In our case this function is sum:
> map sum [[1,2,3],[4,5,6],[7,8,9]]
[6,15,24]
So:
> :m +Data.List.Split
> map sum . splitOn [0] $ [1,2,3,0,3,4,0,2,1]
[6,7,3]
For homework you should definitely follow dave's answer. However, here is a more advanced solution, employing groupBy as poor man's split:
import Data.List (groupBy)
map sum $ groupBy (const (/=0)) list
This might look cute, but note that there are still the zeros at the beginning of the sub-lists present, so you can't use this solution without changes if that matters (e.g if you need products instead of sums)
[Explanation]
groupBy looks if the first element of the current group "fits together" with the current element of the list. In that case the current element will be added to the group, else a new group starts. E.g.
groupBy (\x y -> x `mod` y == 0) [81,3,9,25,5]
--[[81,3,9],[25,5]]
Here the test ist successful for 81 'mod' 3 and 81 'mod' 9, but not for 81 'mod' 25, which starts a new group. Again, 25 'mod' 5 is successful.
But in our case all elements "fit" in the current group as long as they are not 0, so we don't even have to look at the first element.

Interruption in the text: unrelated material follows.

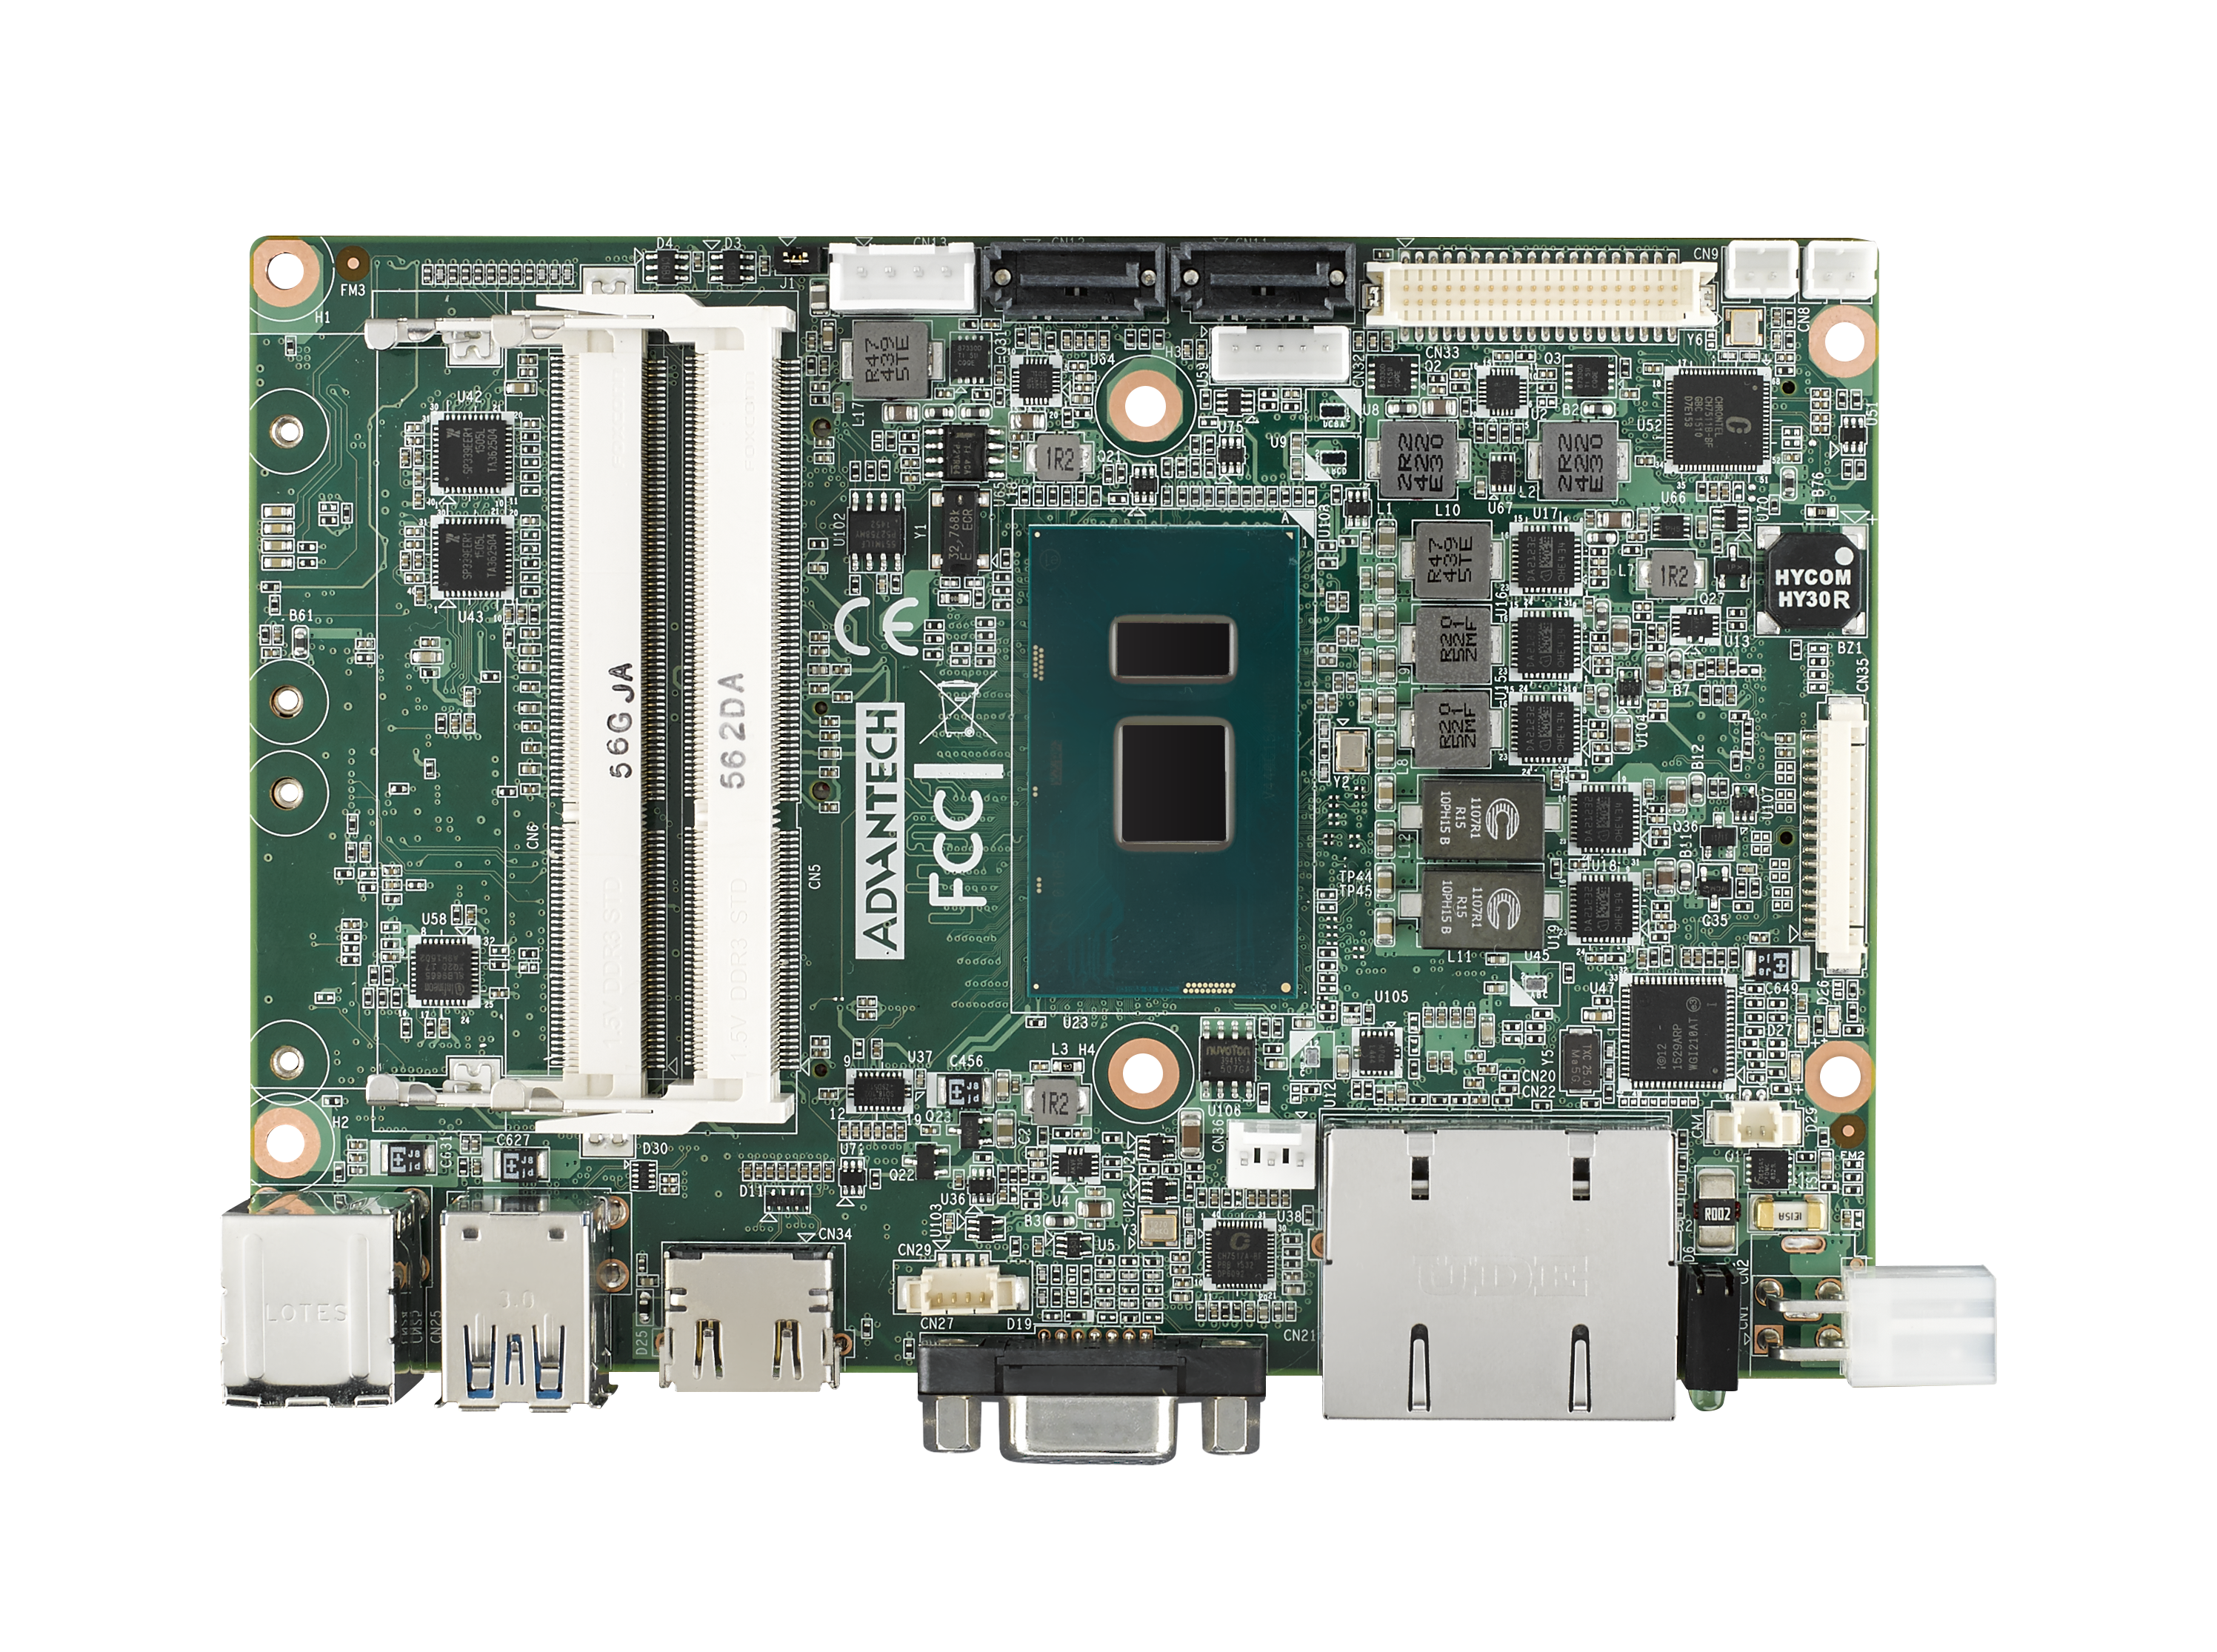 6th Gen i3 6100U 3.5” Compact SBC with DDR3L, VGA, HDMI, 48-bit LVDS, 2 GbE, 
2 Mini PCIe, mSATA, Fanless, MIOe

And if a 0 is found, a new group is started.
const (/=0) means just \_ y -> y /= 0, so regardless what the first argument is, it just tests that the second element isn't 0. To see why, look at the definition:
const :: a -> b -> a
const a _ = a
Now our lambda can be written as
\x y -> const (/= 0) x y
As from the const call only the first of the two arguments "survives", we have
\x y -> (/= 0) y
... or...
\_ y -> y /= 0
Even if you're unable to install to install the split package and use Data.List.Split as Matvey suggests, you can still use the general approach:
Split the weird list with 0 separators into a more conventional list of lists.
Sum each list.
So
yourFunction = map sum . split
Now we have to write split.
split :: [Int] -> [[Int]]
In general, when we want to pull a list apart to synthesise something new, we need to use a fold.
split = foldr cons nil where
nil here should be whatever you want split [] to be.
nil = --TODO: exercise for you; clue: NOT []
cons meanwhile combines one of your numbers, with the answer from the previous step of the fold. Obviously, you'll need to do different things depending on whether or not the number is 0.
cons 0 xss = --TODO
cons x (xs : xss) = --TODO; why will this pattern match never fail?